M31 has a double nucleus of old star clusters surrounding a 10^8 solar-mass black hole. Interior to the old stellar clusters is a cluster of young blue stars, formed about 150 million years ago. Similar UV-bright stars are observed in the bulge of our own galaxy. This raises the question: why are these bright stars found preferentially near the supermassive black holes in galactic bulges? With more data from Hubble (and future telescopes), Lauer and others hope to find an answer.

What Color is the Milky Way? – Jeffrey A. Newman, Univ. of Pittsburgh

Color is one of the simplest properties to measure for many astronomical objects. In general, galaxy colors are a result of their star formation histories. Because so much of what we know about galaxies comes from their color, we would like to know the color of our own galaxy, but of course, taking a picture of a galaxy that we are living in is impossible. Thus, Newman and collaborators look at SDSS galaxies that are similar to the Milky Way, and try to infer properties of our galaxy from its analogs. They find that formation of new stars in the Milky Way is winding down, as we move from being a bright blue galaxy toward the red sequence. So what color IS the Milky Way? White, like “new spring snow seen in early morning light.”


8:30am – Dannie Heineman Prize: Robert Kirshner – Exploding Stars and the Accelerating Universe

Supernovae (SN) are excellent distance tracers because they are almost one million times brighter than the Cepheid Variables Hubble used to make his initial observations of an expanding universe and can be seen at great distances, but they are also rare. Type Ia SN are currently thought to occur when a star donates material to a companion white dwarf which then becomes unstable and undergoes a thermonuclear explosion releasing an incredible amount of radiation which we can see from across the universe. A recent supernovae in M101 termed SN2011fe has cast doubt on this model because while there is good evidence it was created by a small compact object like a white dwarf, there is no evidence for a larger companion like a star.

Nevertheless, these standard candles continue to inform us on things like the Hubble constant, neutrino count, and dark energy.

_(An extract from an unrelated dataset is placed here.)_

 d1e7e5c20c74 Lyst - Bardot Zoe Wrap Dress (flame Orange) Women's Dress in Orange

All this work observing many supernovae to constrain the Hubble constant and acceleration of the universe could not have been done without the development of CCD’s which have increased our sensitivity to these distant events. It is important to remember that there exist issues that make this work tricky as well. Dust along our line of sight works to change the observed brightness of the supernovae and therefore affect our distance estimate, so this must be taken into account. These new large CCD cameras must also be able to observe thousands of galaxies at one time to increase the chances of observing enough supernovae in a reasonable amount of time.

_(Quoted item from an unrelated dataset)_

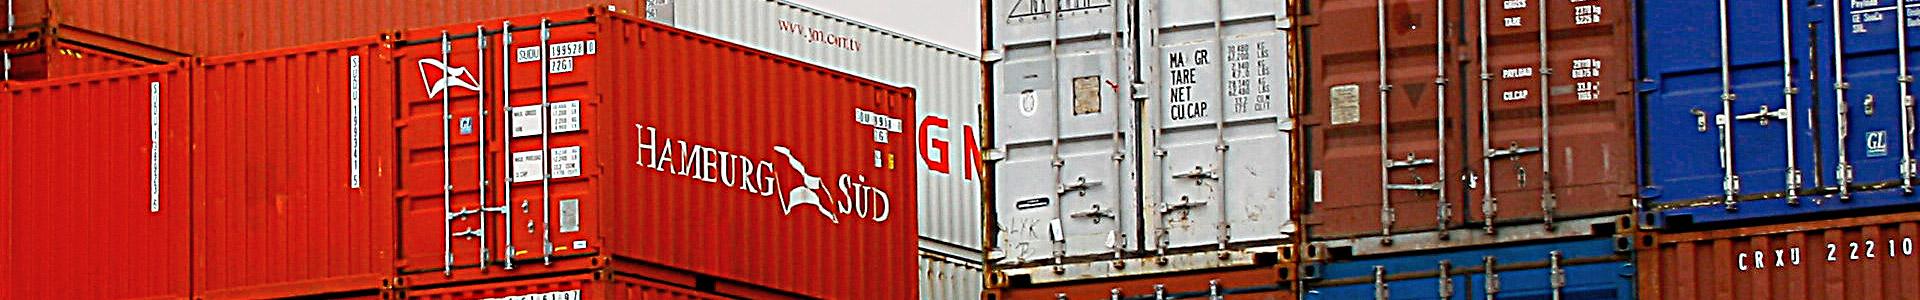 containerlagerung2

Once the group Kirshner worked with had a reasonable sample of supernovae, a funny result was found. The universe must either have a negative amount of mass, or contain a cosmological constant! Now we have much tighter constraints on the value of this cosmological constant as well as the matter content of our universe. So know we know there is something out there causing our universe to accelerate, and the focus of the community has shifted to characterizing whatever that may be.  Kirshner’s idea is to reduce the affects of dust and begin making measurements in the infrared. Some of this work has been done already, and it alone has decreased the scatter dramatically in the Hubble diagram. Congrats to Dr. Kirshner and his team for all their excellent work!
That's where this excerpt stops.